[BioC] PreFiltering probe in microarray analysis

Thu Jun 2 19:58:02 CEST 2011

Hi Stephanie,
There is another recent paper that you might consider which also
cautions about filtering
Van Iterson, M., Boer, J. M., & Menezes, R. X. (2010). Filtering, FDR
and power. BMC Bioinformatics, 11(1), 450.
They also recommend their own statistical test to see if one's filter
biases FDR.
currently I am trying variance filter and feature filter from
genefilter package: try ?nsFilter for help on these functions.

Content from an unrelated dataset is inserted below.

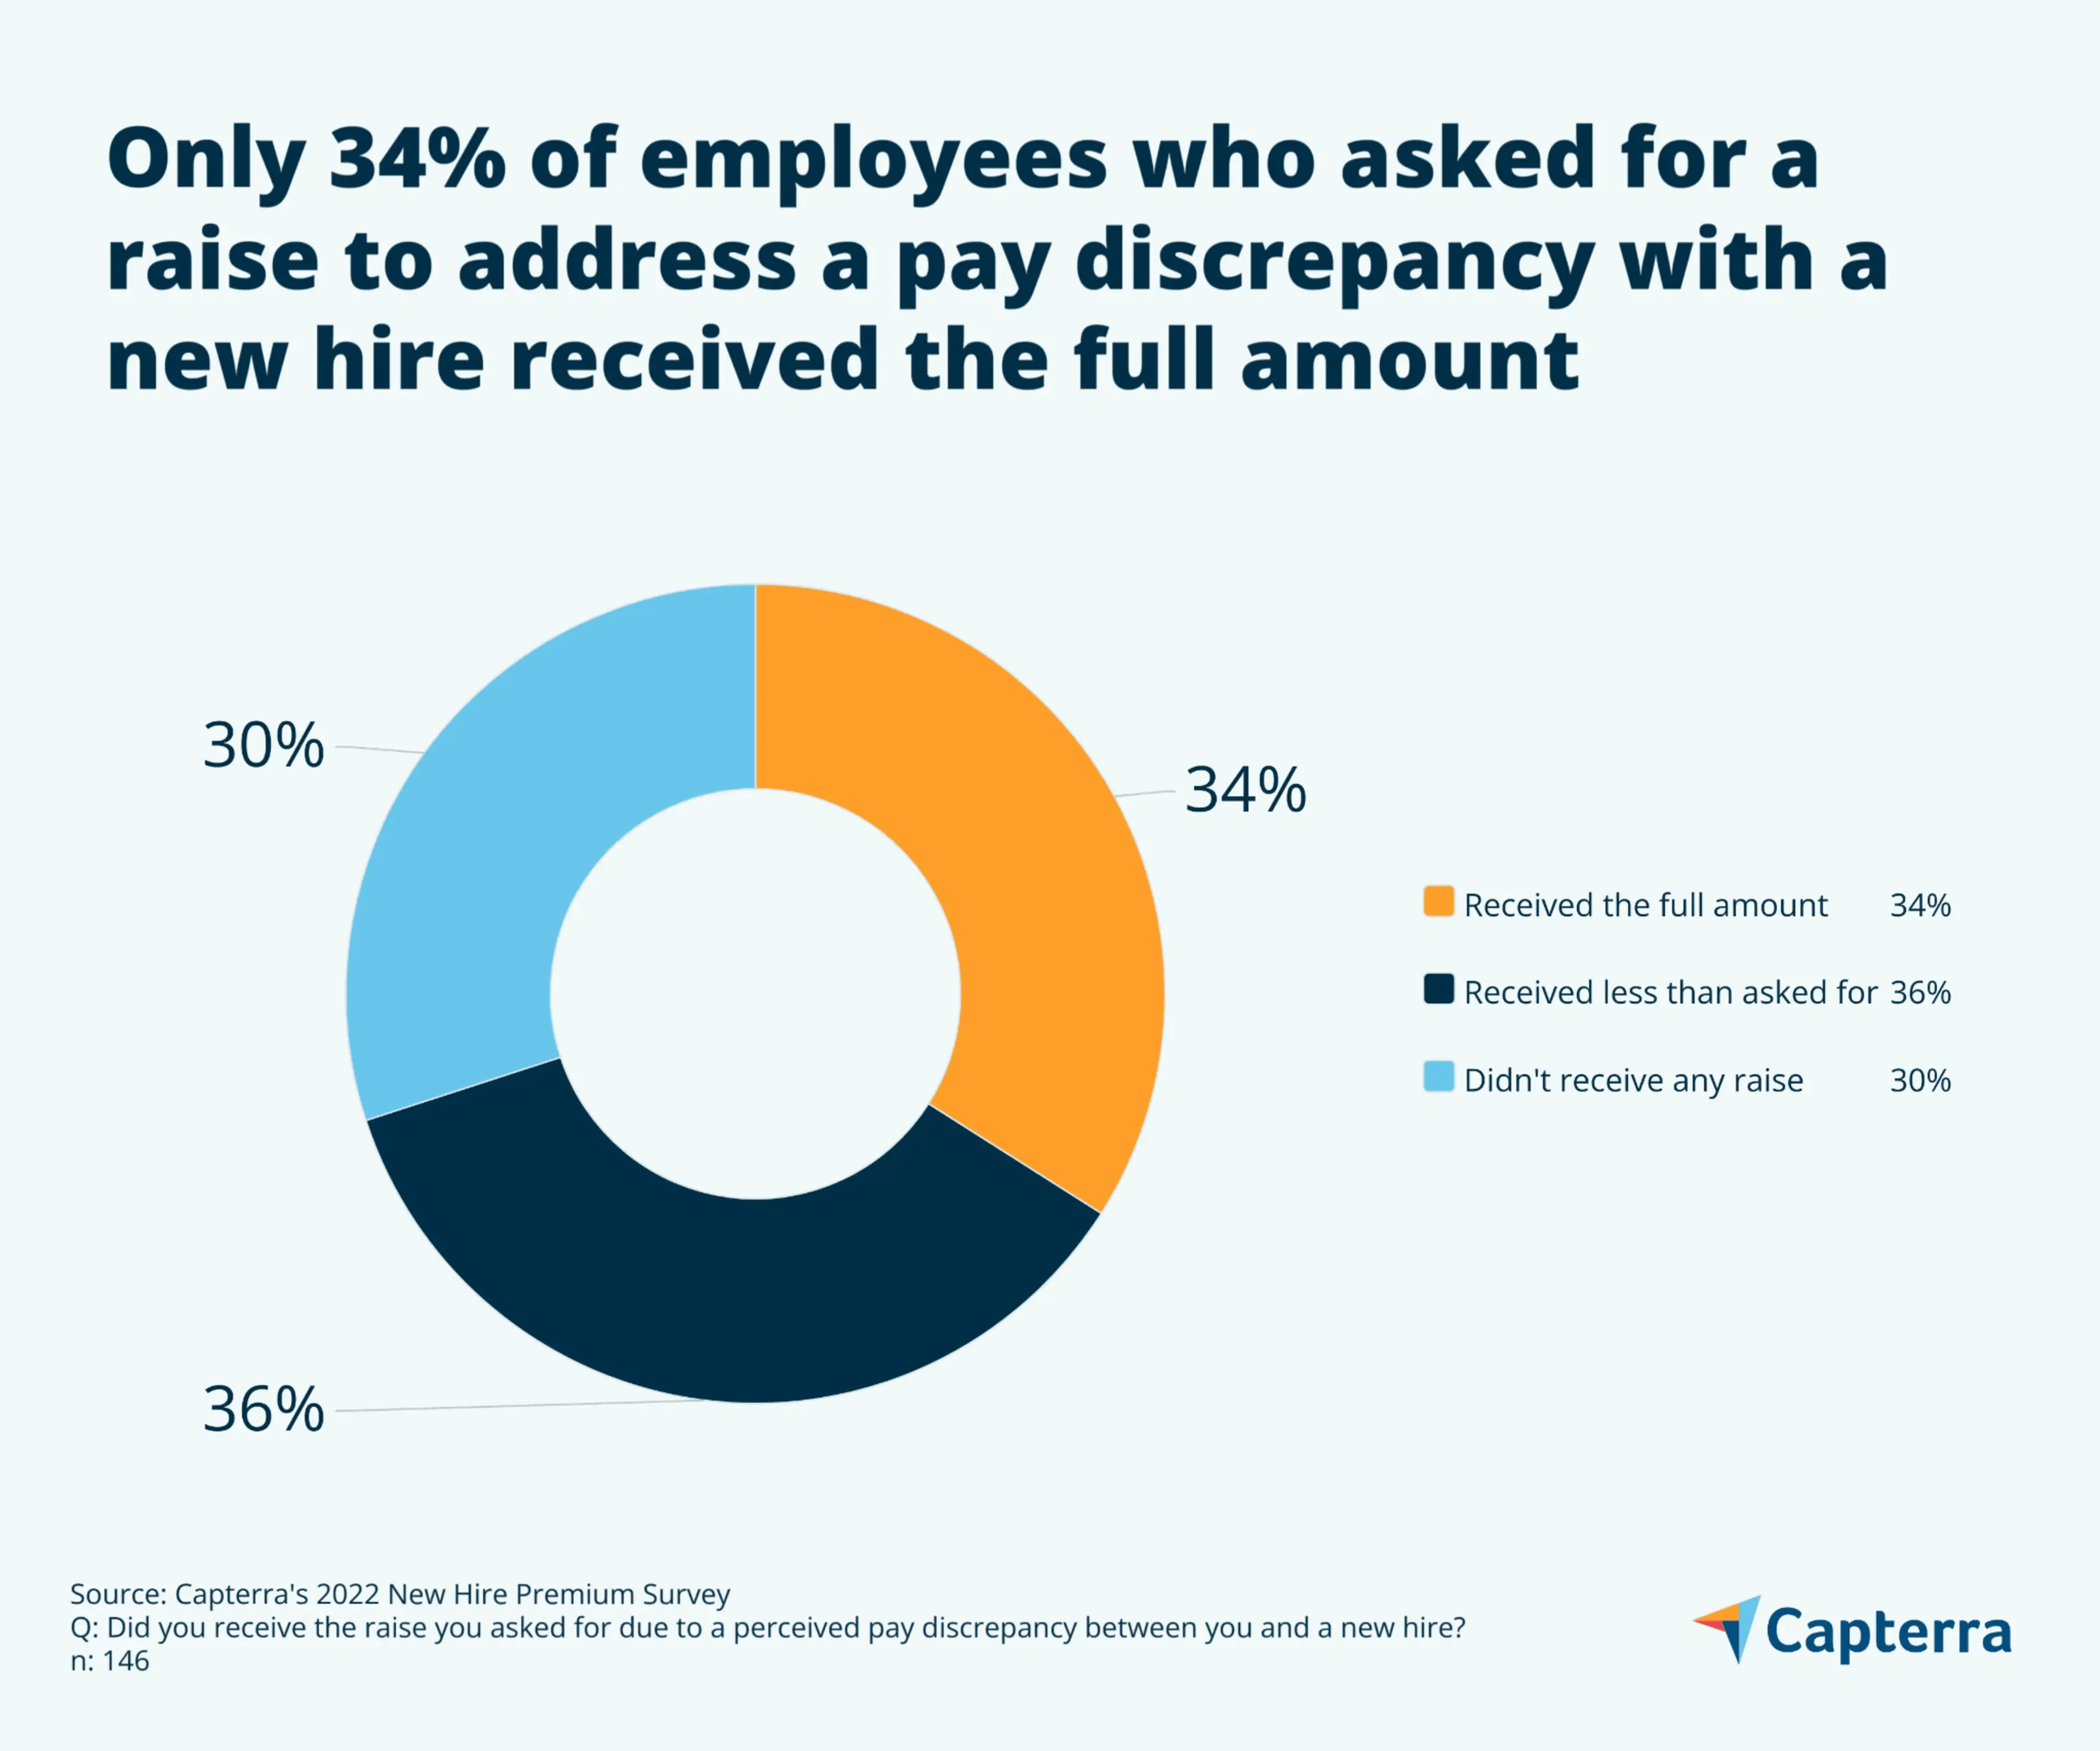 Pay inequality in the workplace: Only 34% of employees who asked for a raise due to pay discrepancy go the amount they asked for
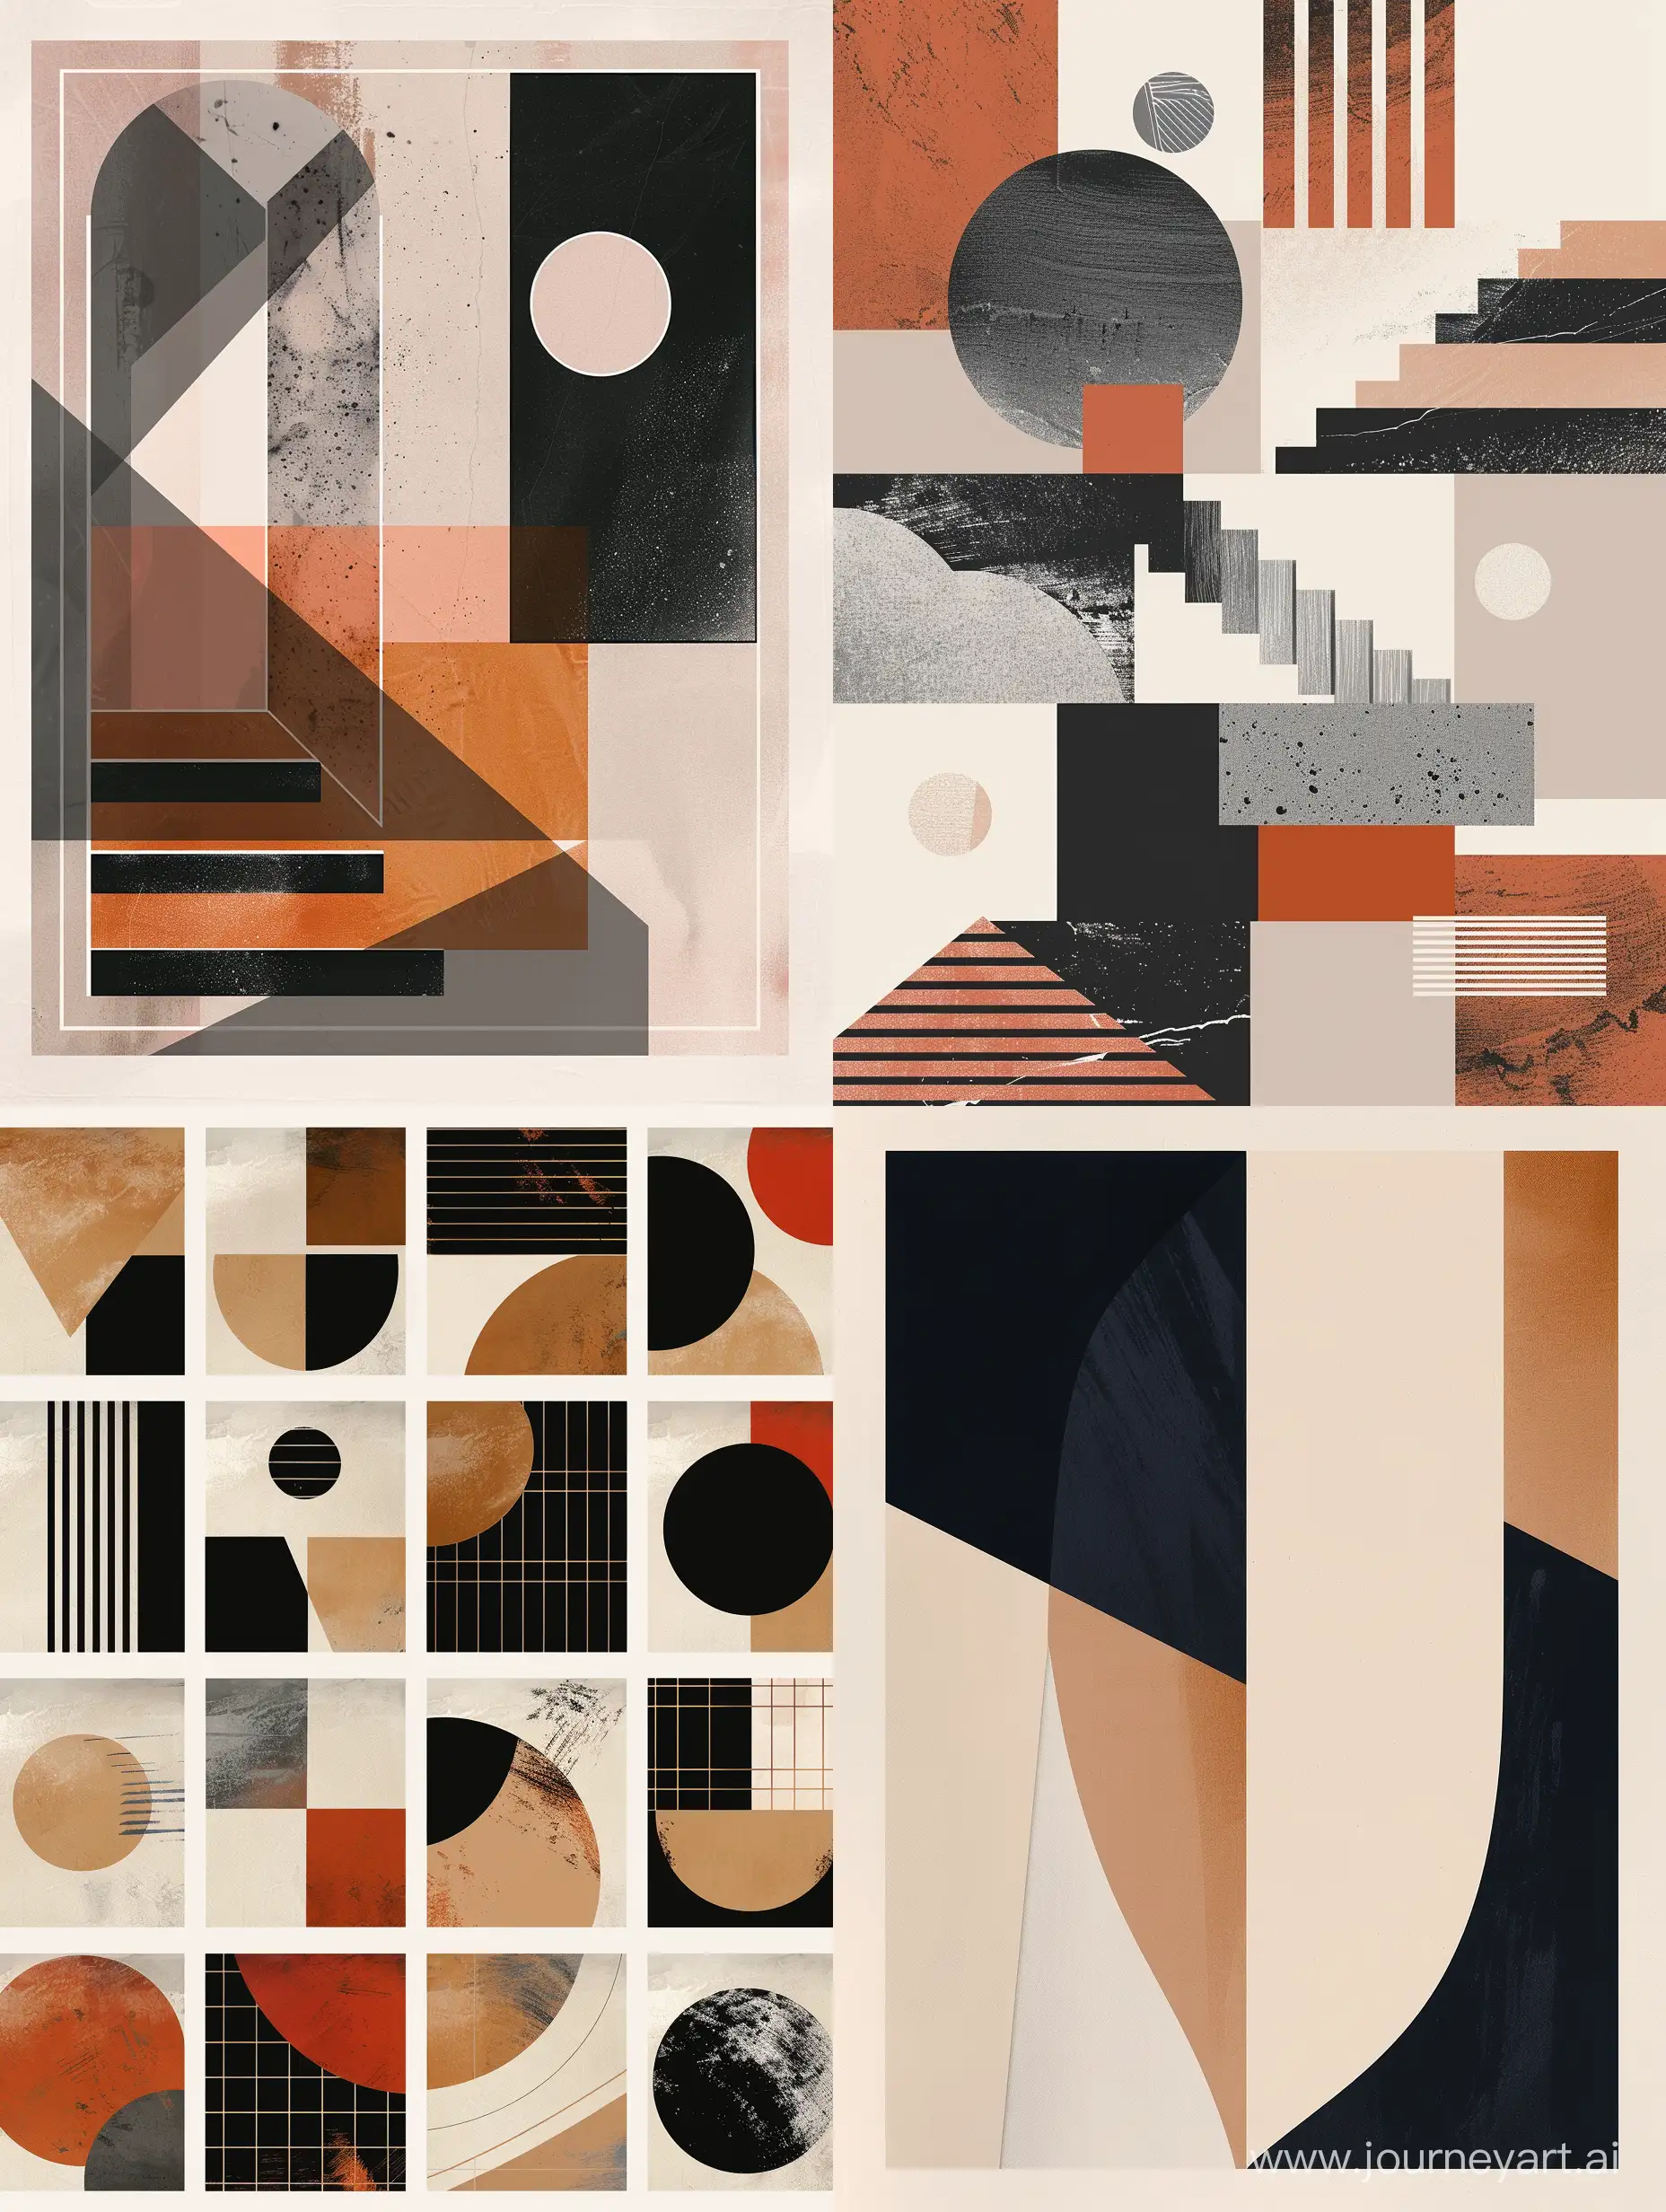 Design a set of minimalist abstract prints using monochromatic color schemes and simple geometric patterns, exploring the interplay of light and shadow to create dynamic visual effects.

However, I dont use filtering routinely since choosing the right
filter , parameters and testing the effects of any bias are things I
have not worked out in addition to having read Bourgon et al and
Iterson et al and others that discuss this issue.
About your limma results, while conventional filtering may be expected
to increase the number of significant genes, as the papers suggest
likelihood of false positives also increases.In your current results,
do you have high fold changes above 2 (log2>1)?  You may want to
explore the biological relevance of those genes with high FC and
significant unadjusted p value.
Best,
Swapna
>
> Message: 2
> Date: Wed, 01 Jun 2011 14:58:47 +0200
> From: Stephanie PIERSON <stephanie.pierson at etumel.univmed.fr>
> To: bioconductor at r-project.org
> Subject: [BioC] PreFiltering probe in microarray analysis
> Message-ID: <20110601145847.72402aos7e2ne074 at wmeletud2.univmed.fr>
> Content-Type: text/plain; charset=ISO-8859-15; DelSp="Yes";
>         format="flowed"
>
> Hello everybody,
>
> I am a french student in bioinformatic. I have to analyze microarray
> data and I have some questions about prefiltering genes.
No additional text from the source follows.